Reports suggest that Rep. John Ratcliffe (R-TX) may have overstated elements of his work as a national security prosecutor in Texas’ Eastern District.
The congressman’s bio states that he worked as head of the Eastern District of Texas’s anti-terrorism and national security unit from 2004 to 2007, before being named acting U.S. attorney for the same district until 2008.
But NBC was unable to find any public record of Ratcliffe prosecuting any terrorism cases, despite a claim on his website that he “put terrorists in prison.”
One national security case in which Ratcliffe has claimed involvement was a terrorism financing case called U.S. v. Holy Land Foundation. The Texas congressman has boasted of his involvement in the case, saying in a 2015 press release that he “convicted individuals who were funneling money to Hamas behind the front of a charitable organization.”

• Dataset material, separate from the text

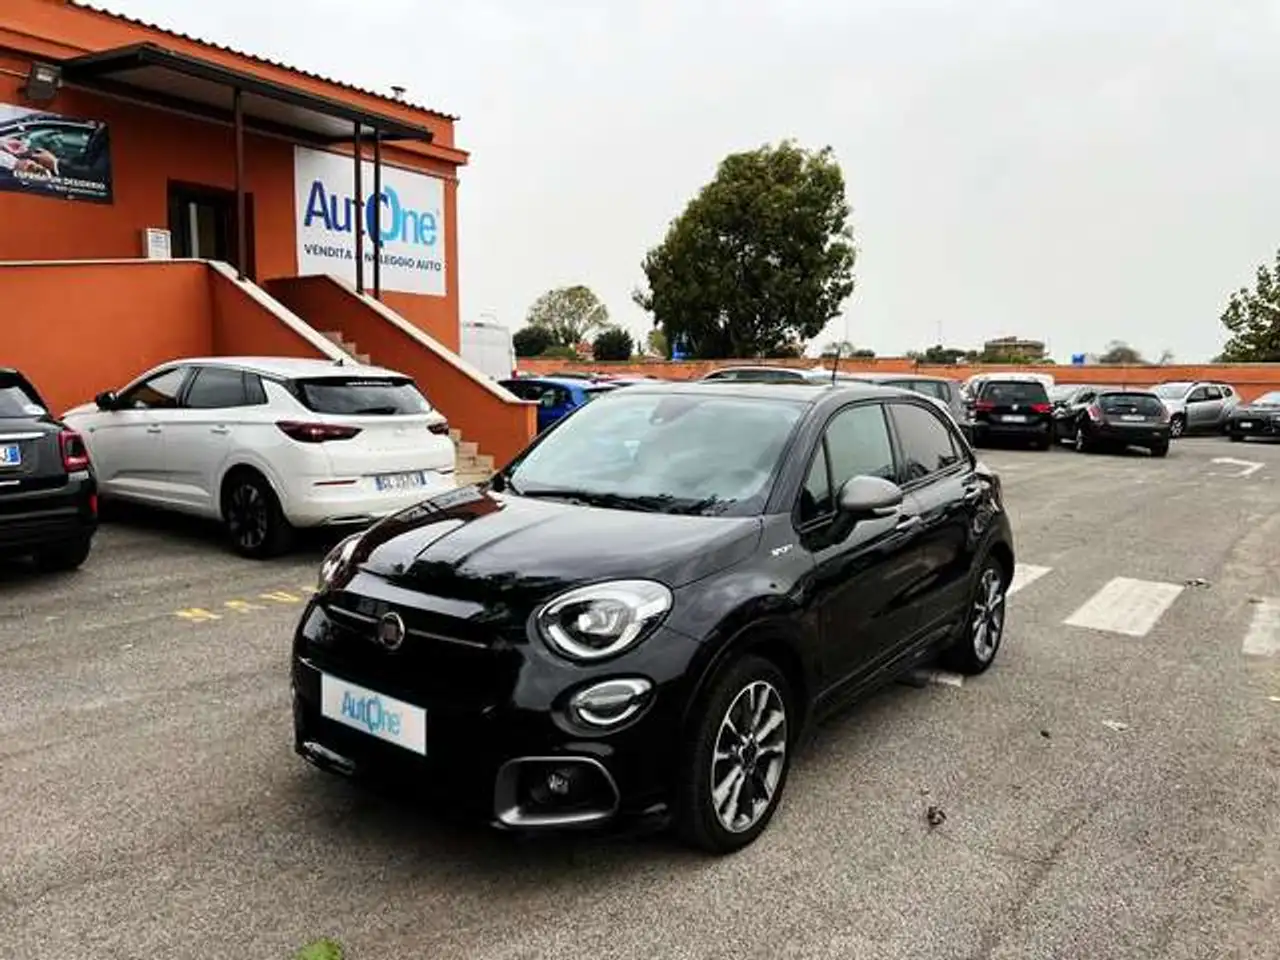 Fiat 500X SUV/4x4/Pick-up in Zwart demo in Bari - BA voor € 16.900,-

But ABC was unable to find court records supporting Ratcliffe’s involvement in the case as a prosecutor. The news organization cited former officials who worked on the case as saying they had no recollection of Ratcliffe working on the matter.
The director of national intelligence oversees the intelligence community and curates information to the president by assembling his daily briefing.
If confirmed by the Senate, Ratcliffe may also play a role in Attorney General Bill Barr’s ongoing review of classified information related to the start of the Mueller investigation. President Trump delegated declassification authority to Barr in May.
Ratcliffe has led the rhetorical charge to “investigate the investigators,” a key Republican strategy to portray the special counsel probe as politically compromised.